- [What is expected]
Please set down each of the lines below once more, exactly, omitting all pictures.

- [Exercise data]
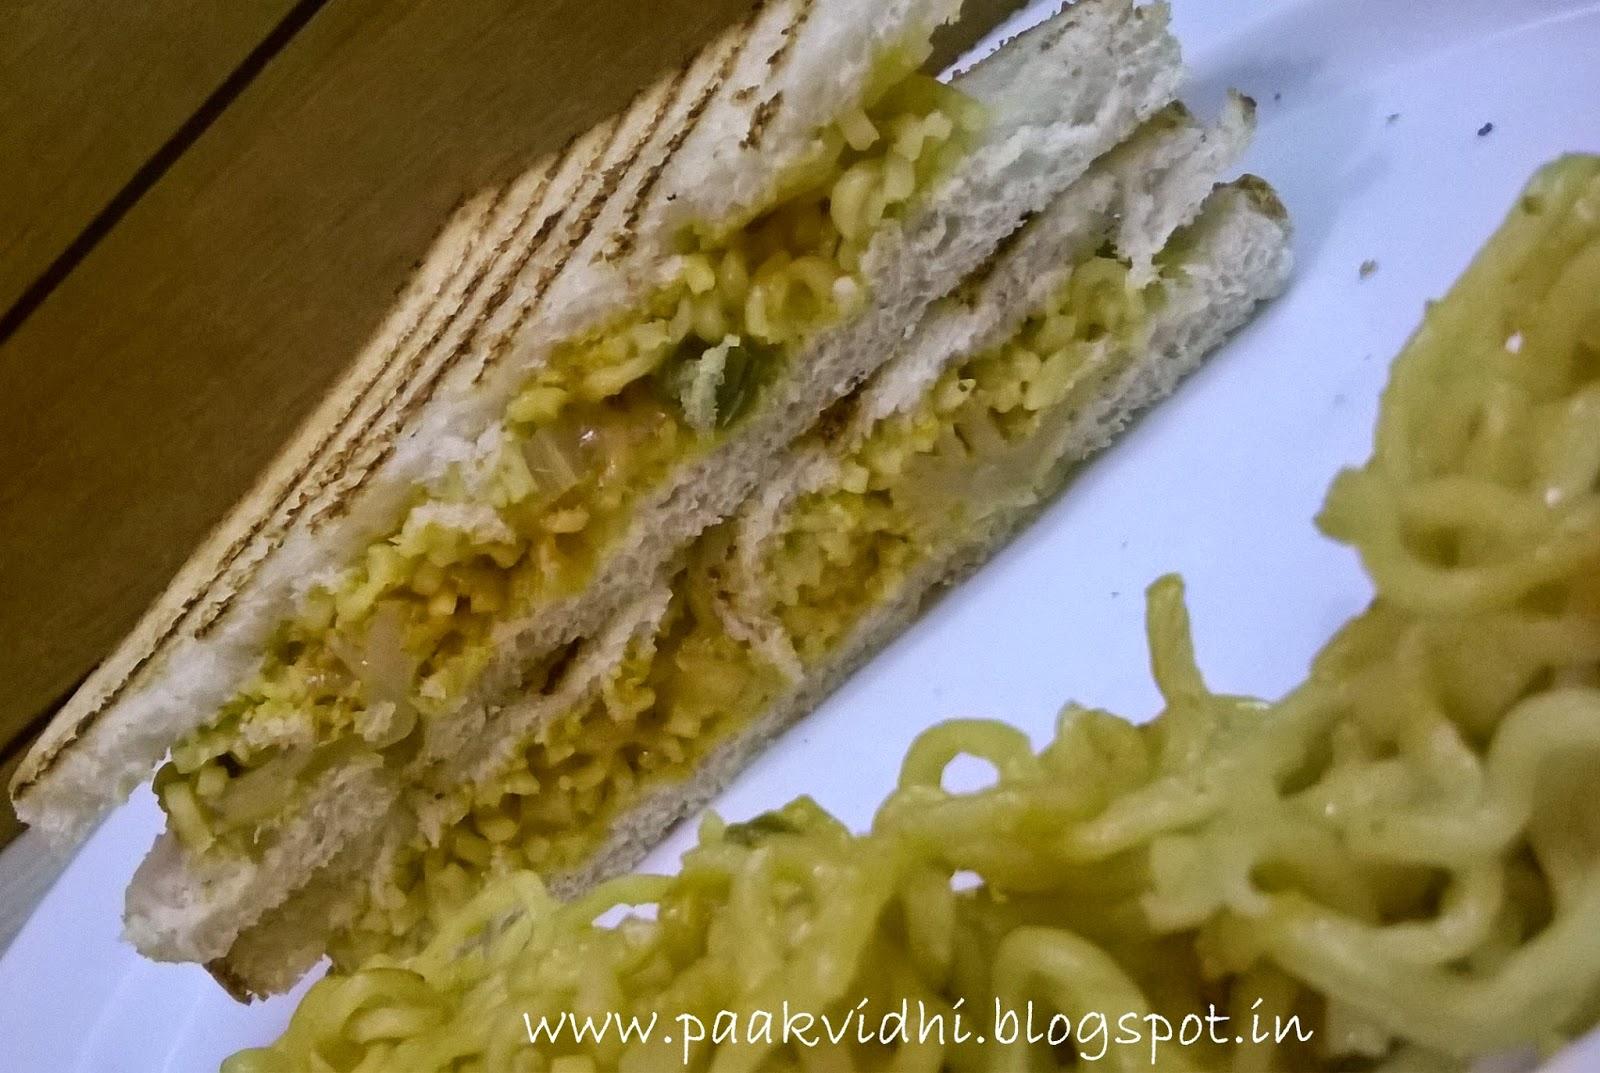 http://paakvidhi.blogspot.in/2014/09/maggi-sandwhich.html
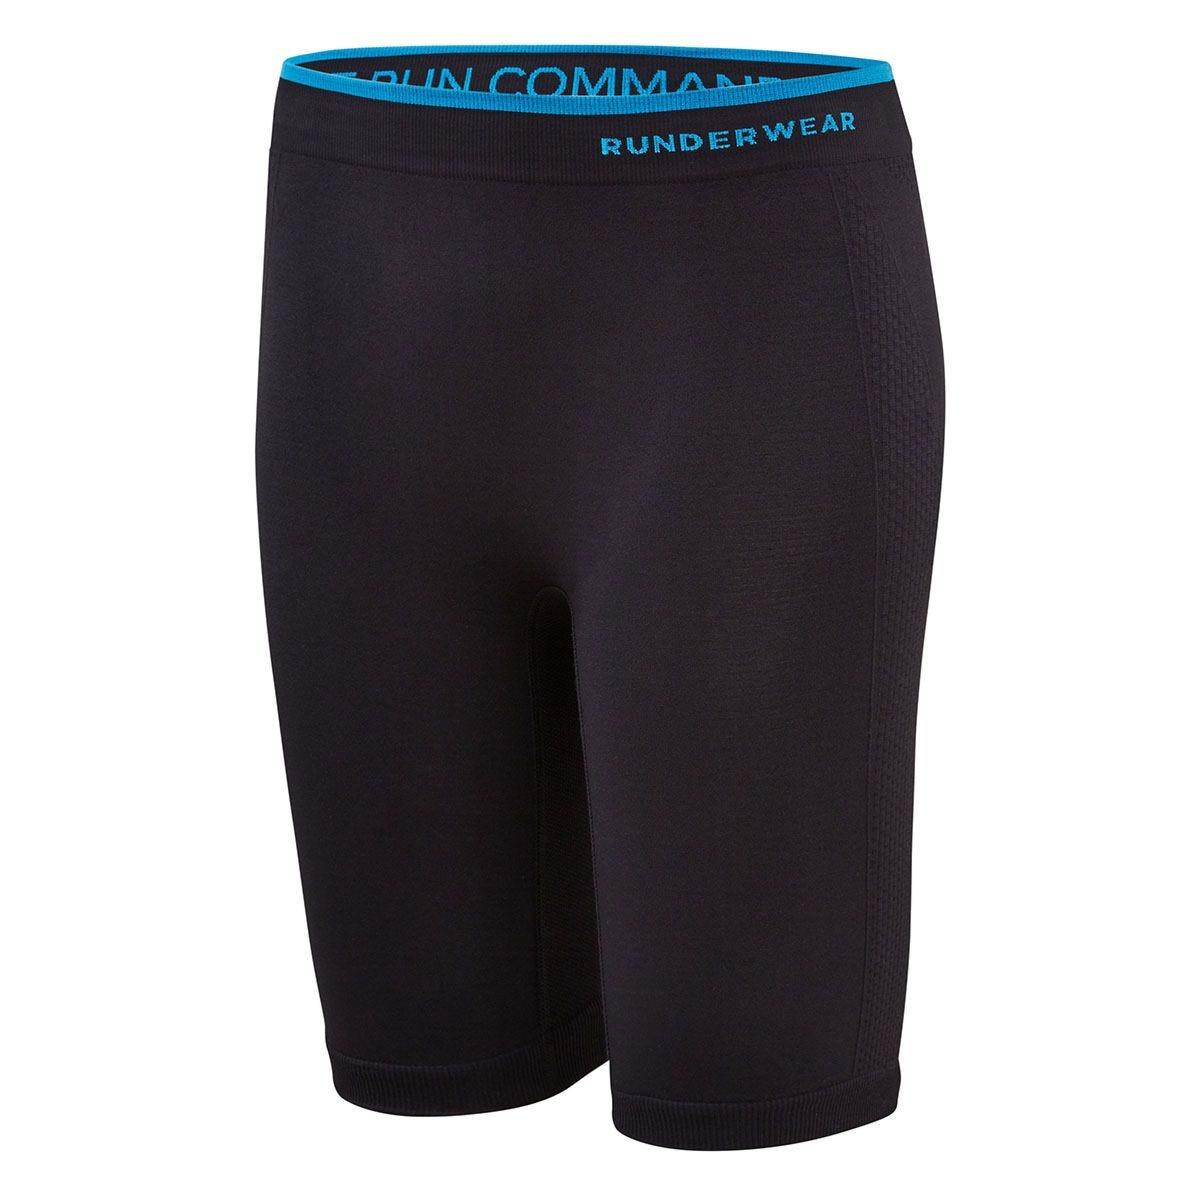 Runderwear Women's Long Shorts - Chafe-Free Medium-Black
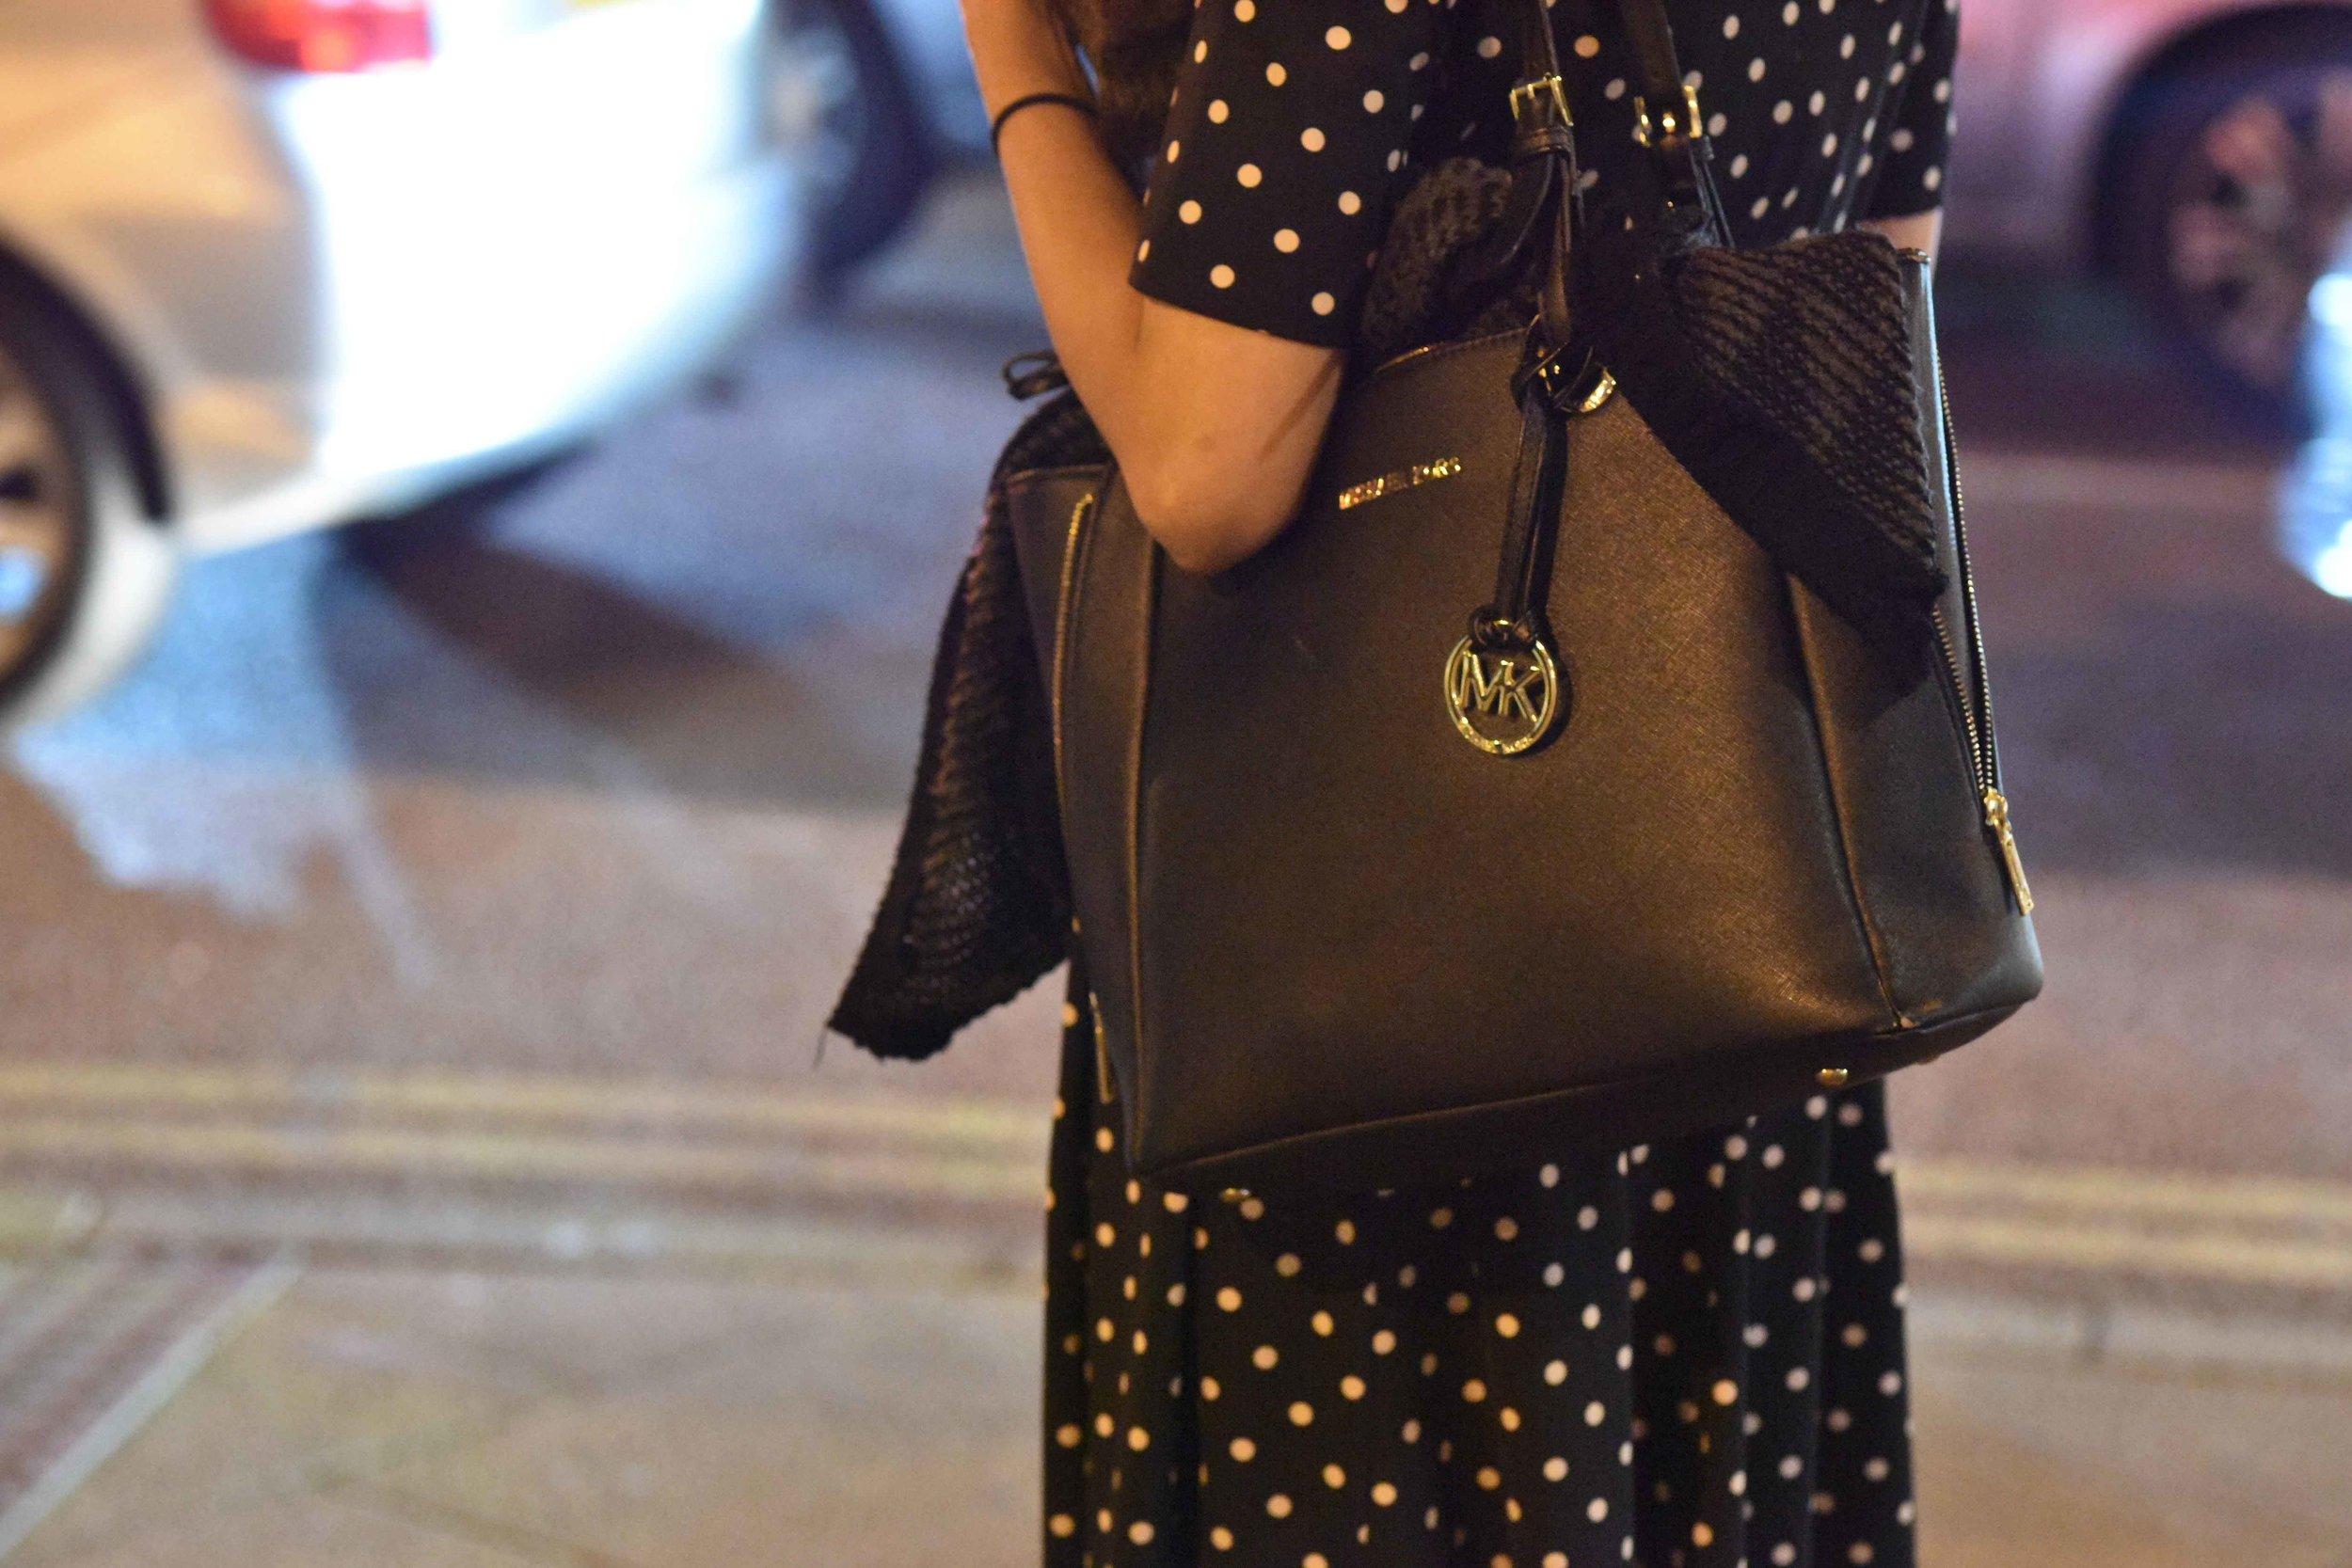 Michael Kors saffiano leather black tote, clicked at Wembley Park underground station, London, U.K. Image©sourcingstyle.com

- [Task result]
 http://paakvidhi.blogspot.in/2014/09/maggi-sandwhich.html
 Runderwear Women's Long Shorts - Chafe-Free Medium-Black
 Michael Kors saffiano leather black tote, clicked at Wembley Park underground station, London, U.K. Image©sourcingstyle.com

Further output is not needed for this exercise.